All posts
ObservabilityLLMProduction

Observability for LLM Pipelines: Tracing, Evaluation Metrics, and Per-Request Cost Attribution

May 9, 202611 min readBy Yogendra Singh

Traditional application observability asks three questions: is it up, is it fast, and are there errors? LLM pipelines need those answers too, but they also need answers to questions that don't arise in conventional systems: is the output quality degrading? Which requests are driving disproportionate cost? Did a prompt change last week cause a regression in a downstream task that wasn't directly tested? Standard APM tools are not designed to answer these questions out of the box, and bolting them on as an afterthought produces gaps that only appear when something goes wrong in production.

What follows is the observability stack I built for a multi-tenant AI reporting pipeline — one that handles thousands of LLM calls per hour across multiple models, tenants, and task types. The tooling is DataDog for metrics and traces, Sentry for error tracking and session replay, and a custom evaluation pipeline for quality metrics. The specific tools matter less than the philosophy: every LLM request should be a first-class observable unit with its own trace, its own cost record, and a quality score wherever feasible.

Structured logging: the foundation everything else builds on

Advertisement

Every LLM call in the system emits a structured JSON log event before the call (with request metadata) and after (with response metadata). The schema is fixed and versioned: `llm_call_id`, `tenant_id`, `task_type`, `model_name`, `prompt_version`, `input_token_count`, `output_token_count`, `latency_ms`, `cache_hit`, `cost_usd`, `error_code` (null on success), and `quality_score` (null when not available). This schema is enforced at the logging call site via a typed Go struct — a missing field is a compile error, not a runtime surprise.
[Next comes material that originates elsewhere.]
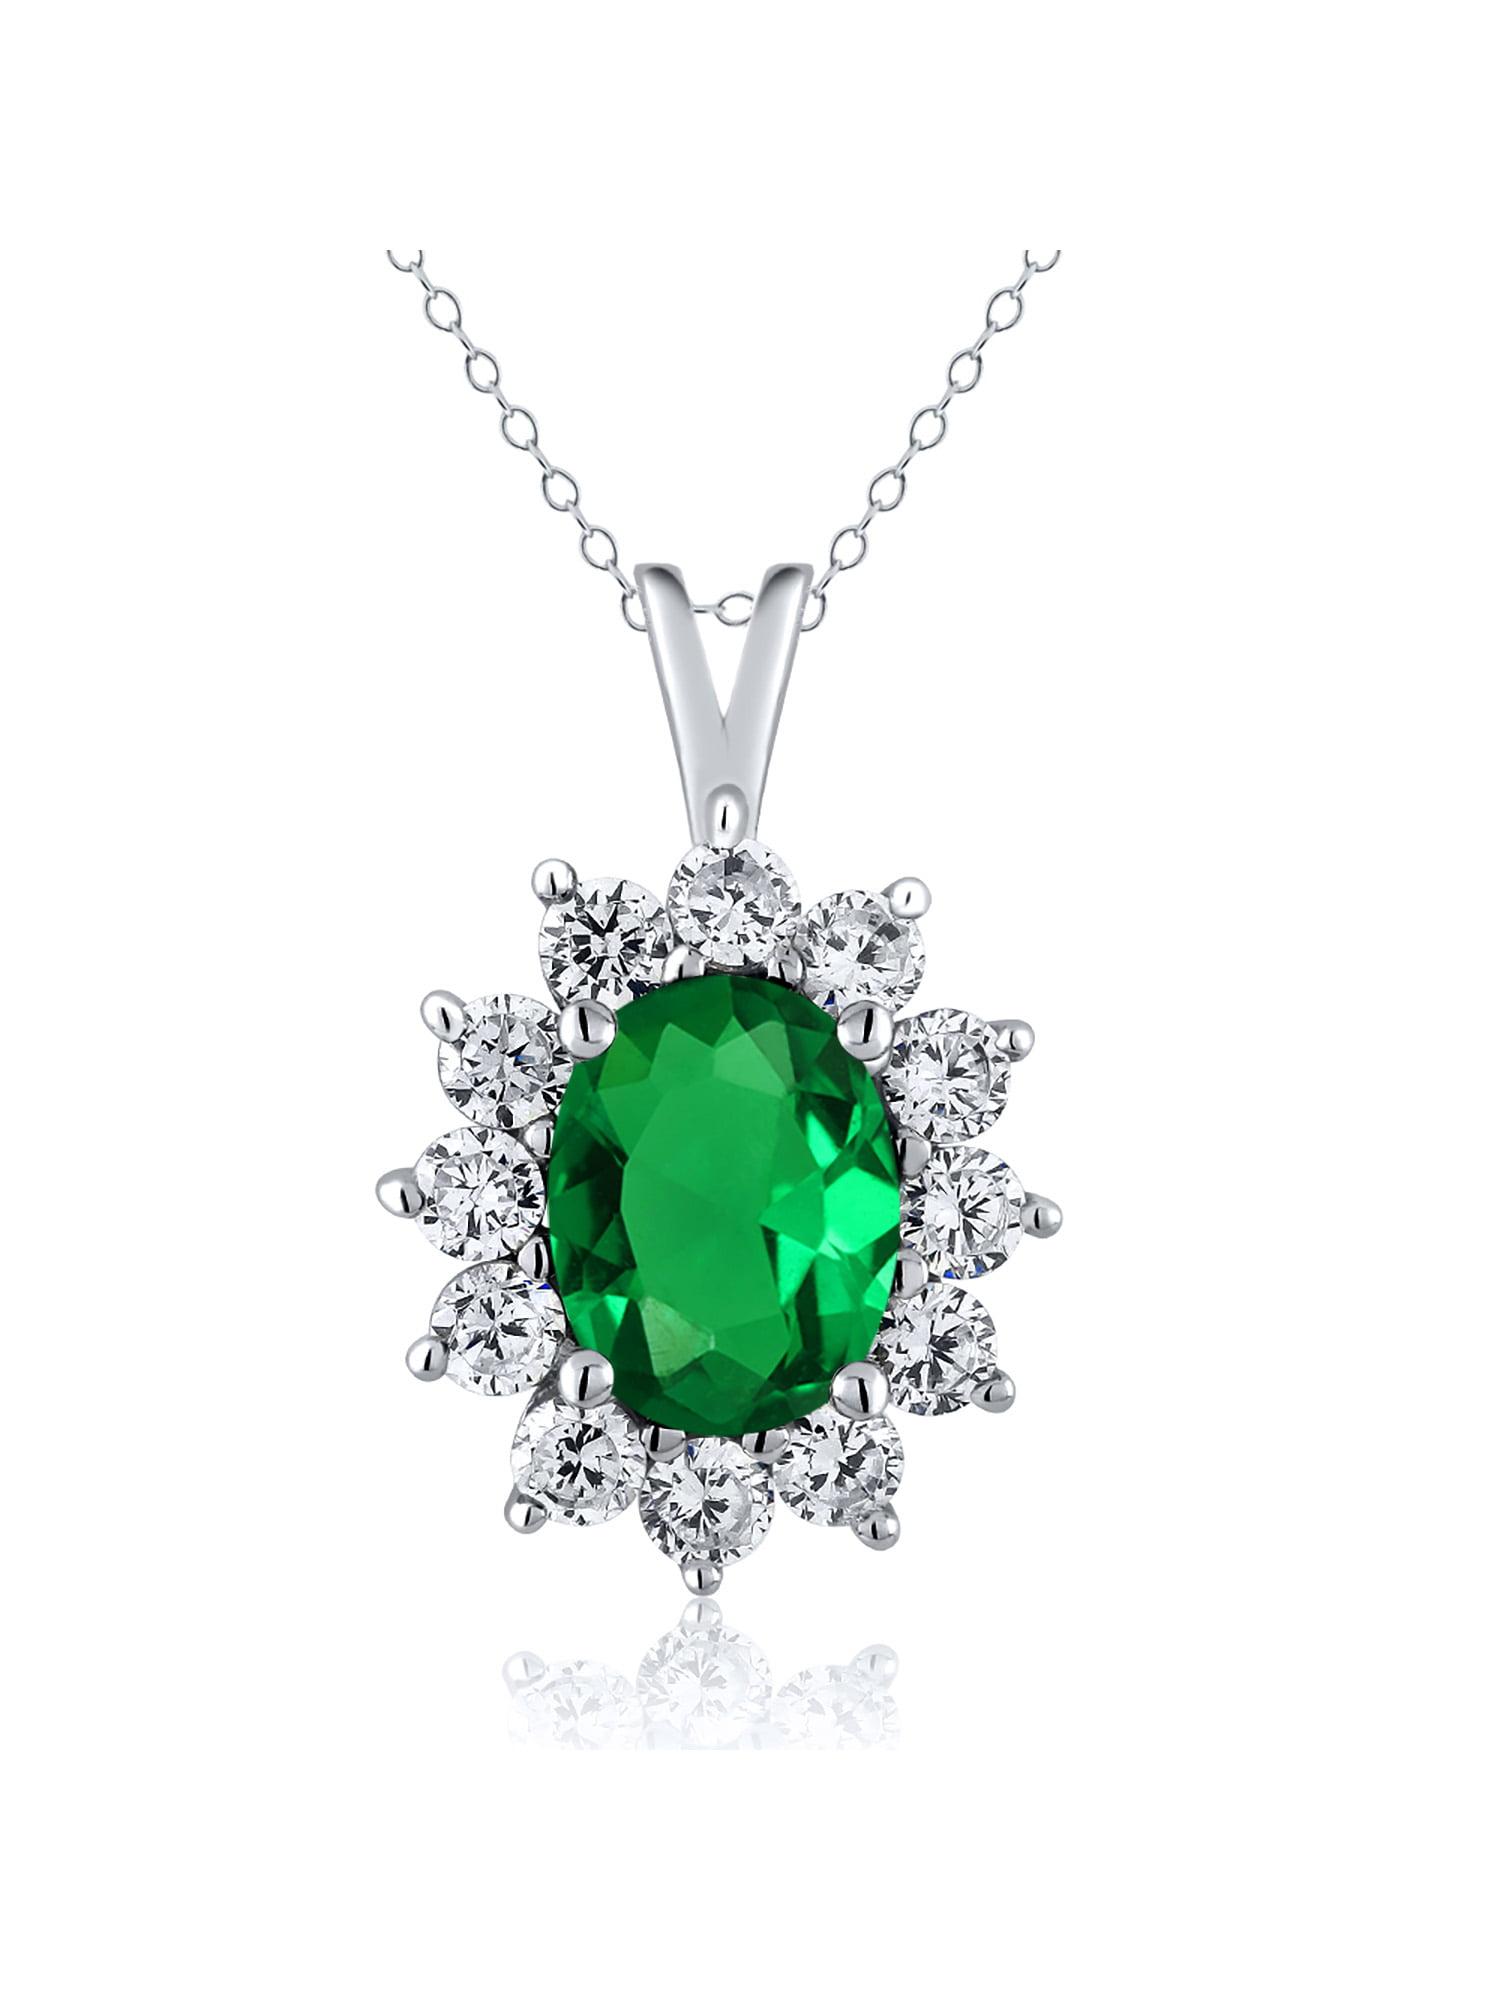 Princess Kylie Rhodium Plated Sterling Silver Horizontal Design Diamond Cut Bead 025 Chain 2.5mm

The `prompt_version` field deserves emphasis. When a prompt is updated, the version increments. This means every log event is tagged with the exact prompt version that produced it. If a quality regression appears after a prompt update, we can query logs by prompt version to measure the before/after delta precisely. Without version tracking, prompt regressions are very hard to diagnose because the prompt itself isn't stored in the response — only the output is visible, and the cause is invisible.

Distributed tracing: LLM calls as spans in the request trace

Each incoming API request generates a DataDog trace with a root span representing the full request lifecycle. LLM calls within that request are child spans with the LLM-specific fields (model, token counts, cost) as span attributes. This means when a report request is slow, the DataDog trace shows exactly which LLM call in the pipeline was slow, what it was asked to do, how many tokens it consumed, and whether it was a cache hit or miss. Without this, 'the report is slow' is a shrug; with it, 'the anomaly narrative generation step took 4.2 seconds and consumed 3,800 output tokens' is an actionable observation.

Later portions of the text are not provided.